Overarching topic: Potions.

Writing unit: instructions texts.

Words taught: simmering, potent, precise, concoct, consume.

Why? The children were tasked to write instructions for a witch/wizard//apothecary to make a potion of their choosing. Simmering offered a great way to describe how the brew would look when it was either ready to be served, or ready to move on to the next instruction. It also opened discussion to how this word was different to similar words like hot and boilingPotent was my favourite word of the week, it really got children thinking about the strength, power, and effectiveness of their elixirs. What ingredients in particular would give it its potency?  Precise was taught as we were learning about how to use exact measurements to ensure whoever was making the potion used the correct amount. This gave it a real context, and the children now had a word to describe why their measurements had to be accurateConcoct provided lots of different ways to describe their mixture.

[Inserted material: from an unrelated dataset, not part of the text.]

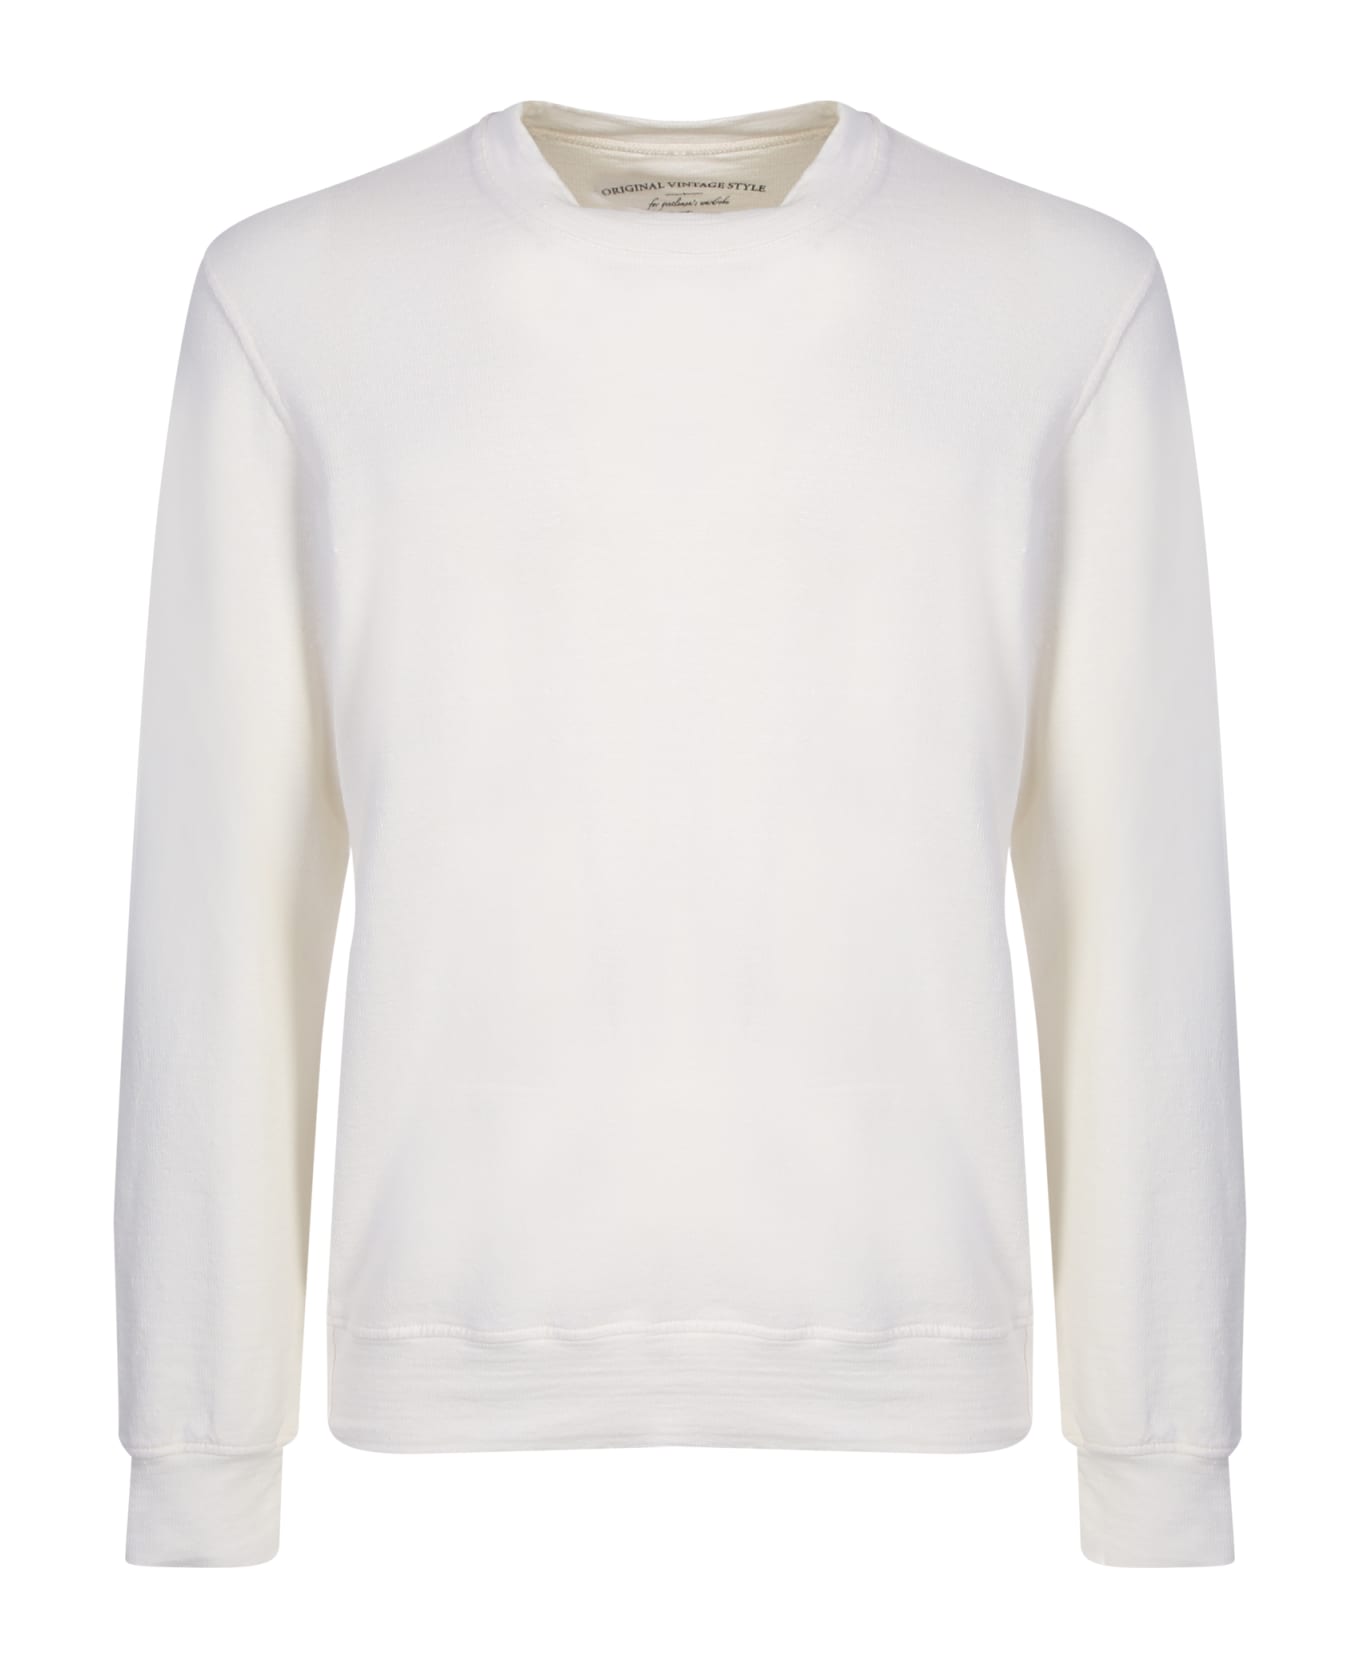 Original Vintage Style White Linen Sweatshirt - White

We spoke about how we were mixing lots of ingredients together, and how we could use the word as a noun (concoction). Consume fitted really nicely with our ‘How do you know its worked’ section. Some children had chosen to create powders, liquids, tinctures, even potent cakes (true story), and this word gave the opportunity to talk about how their potions would be taken by their … subjects.

All these words have been specifically chosen to allow children to use these words as often as possible in their speech and writing. If vocabulary is planned like this, it then lends itself much easier to your teaching, and the things you say. Therefore exponentially increasing the amount of exposures these words get.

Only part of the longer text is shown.